OxbowOutfitters said:


> My BIG blind is still there..


Would that be the Oxbow Hilton Highrise sittin along the South shore of Carancua?


----------



## bayourat (Jan 7, 2005)

dukslayr said:


> Now why do I have to be brought into this???
> 
> There are no ducks in texas...I would just give it up while you are ahead. Or if you want to, buy a bunch of good things, then try it out, find out there are no ducks and sell all your stuff really cheap to me.
> 
> But in all honesty...if you are looking for a good cheap lease...PM Auto over on the fuge, he can hook you up.

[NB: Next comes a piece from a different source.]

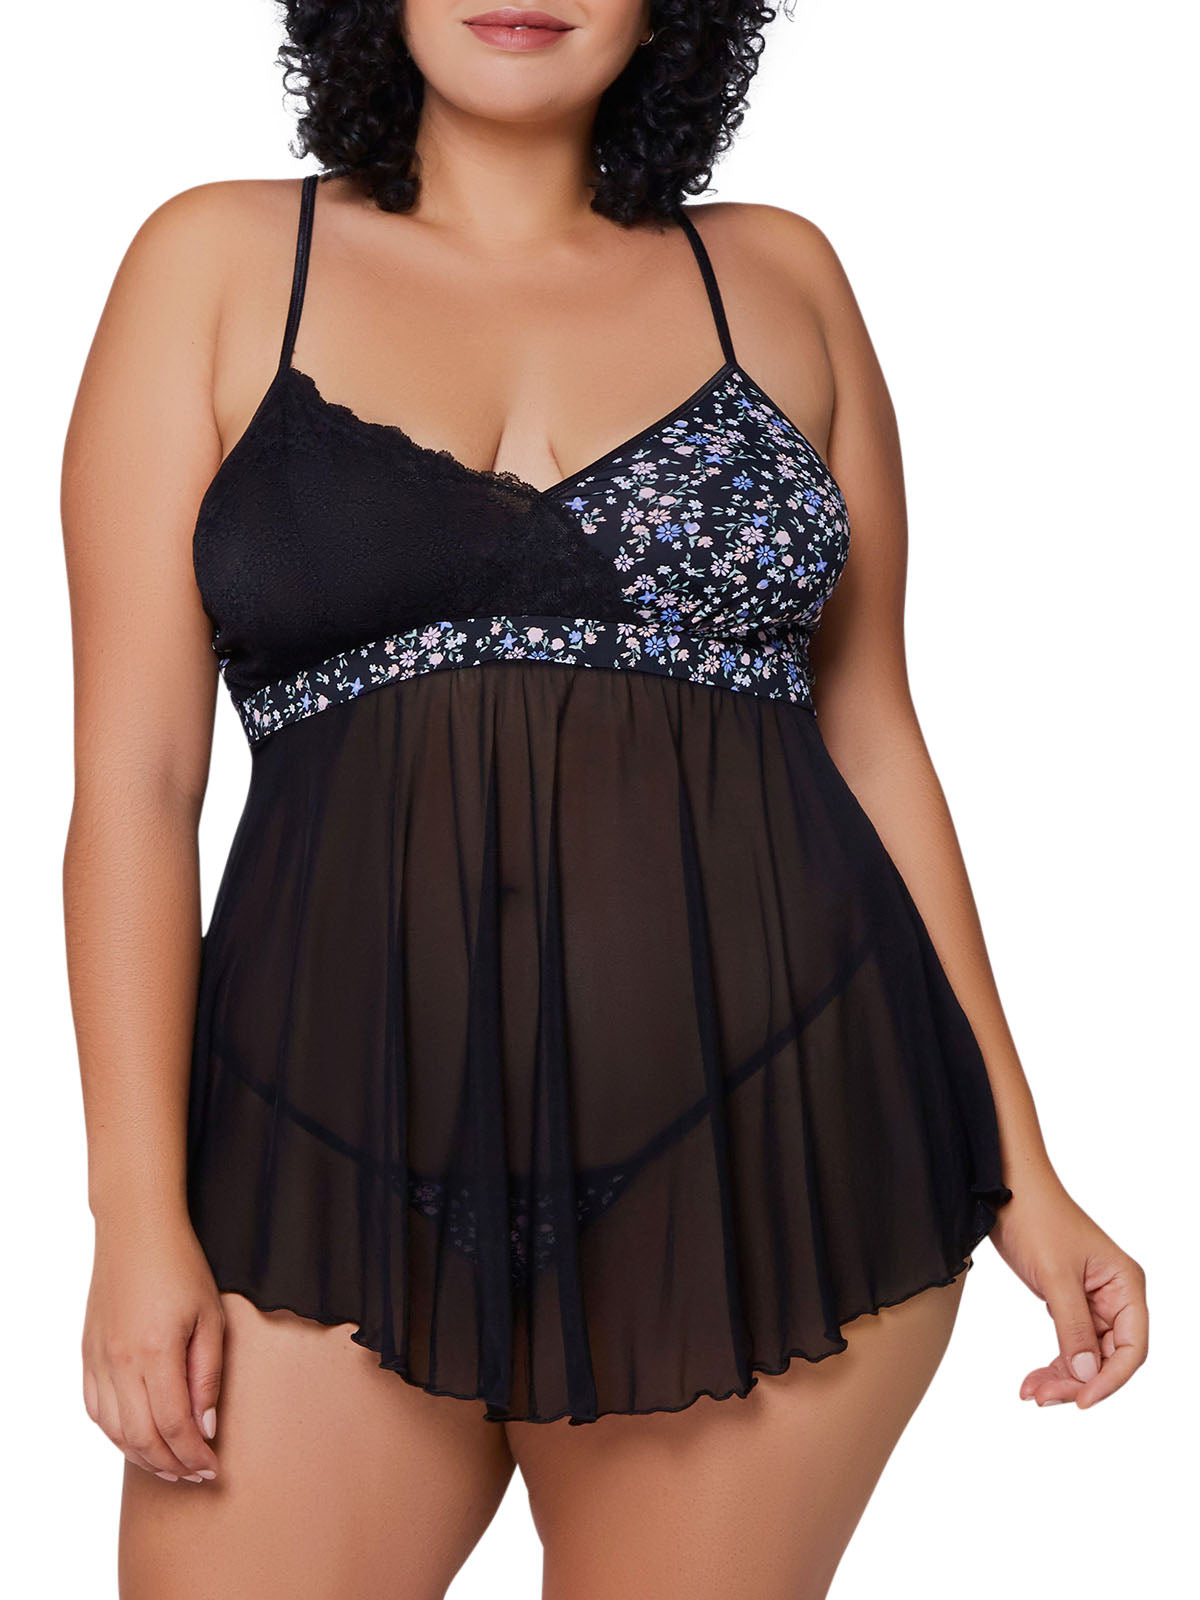 iCollection Babydoll Lingerie Hollyn Plus Size Babydoll

He's right there are NO ducks in texas.... especially on this part of the coast so head north my friend. Lake texoma is always a sure thing!


----------



## OxbowOutfitters (Feb 17, 2006)

Yes sir...:dance: Now... It wouldnt hurt my feelings none if Lightning hit it though..Ive had to fight off 3 different groups of Barneys try'n to claim it over the years.. & I dont think Im gonna use it anymore if, Ever...Have fun with it..

Oxx..



triple f said:


> Would that be the Oxbow Hilton Highrise sittin along the South shore of Carancua?


----------



## triple f (Aug 23, 2005)

Sooooooooo, what you're sayin is that if someone were to.......oh........I dunno..............say catch a couple of racoons or skunks or possums or such and.................ummmmmmmmmmmm.................somehow "confine" them inside that blind a day or 2 before the opener, that it prolly wouldn't be you that happened across the unhappy little fellas in total darkness about 4am?


----------



## OxbowOutfitters (Feb 17, 2006)

Yes sir..I actually used skunk pee to warn off repeat offenders & had a few Red wasp nests posed for attention.

Oxx..


----------



## OxbowOutfitters (Feb 17, 2006)

I did have fun rign a few deekes up with hooks & catchin redfish while teal hunting there, But its a biatchh catchin down a runaway deeke @ 10mph..lol


----------



## triple f (Aug 23, 2005)

naaaaaaaaaaa, I ain't gonna mess with it. It's public water and an open public hunting area, so it's fair game for anyone that wants to hunt it as far as I'm concerned. Me and some buddies had a blind on the South Shore of East Matty for years that we had constant barney battles over. We finally just started getting to the blind by about 3am, settin out the dekes, kickin back with our thermos of coffee and shinin our Q-beams at all the late arrivals tryin to come into our spread. Even had a few of em get kinda pizzy about it and get into screamin matches from their boats then take off and buzz through our spread.


----------



## OxbowOutfitters (Feb 17, 2006)

I had to Point my Barrel @ 1 Barney..he flat told me he was gonna hunt the blind & throw us out....I think the thought of a Copper Sabot slug changed his mind..
.1st come..1st serve...period
I guess when I go fish it..I'll just flip a match book in there..

Oxx..


----------



## jjtroutkiller (Jan 28, 2005)

I have built several blinds in the past in the Jacks Pocket area myself and because of all the **** yall have mentioned is why I now hunt from a boat blind, most of the permanent blinds are only good for a couple of weeks out of the season and you will see from scouting that the birds are constantly moving because of all the hunting pressure. It has become so bad that I will not take my kids to hunt around the bay anymore on a weekend,sad_smiles I will not expose them to this side of the sport at that early of an age. It has become so bad that I have had airboats pull up into a public cove on the bay and ask if I had some yahoo's permission to hunt that area because he had driven 50$ worth of 2X4's into the bay bottom.


----------



## waterspout (May 21, 2004)

jjtroutkiller said:


> I have built several blinds in the past in the Jacks Pocket area myself and because of all the **** yall have mentioned is why I now hunt from a boat blind, most of the permanent blinds are only good for a couple of weeks out of the season and you will see from scouting that the birds are constantly moving because of all the hunting pressure. It has become so bad that I will not take my kids to hunt around the bay anymore on a weekend,sad_smiles I will not expose them to this side of the sport at that early of an age. It has become so bad that I have had airboats pull up into a public cove on the bay and ask if I had some yahoo's permission to hunt that area because he had driven 50$ worth of 2X4's into the bay bottom.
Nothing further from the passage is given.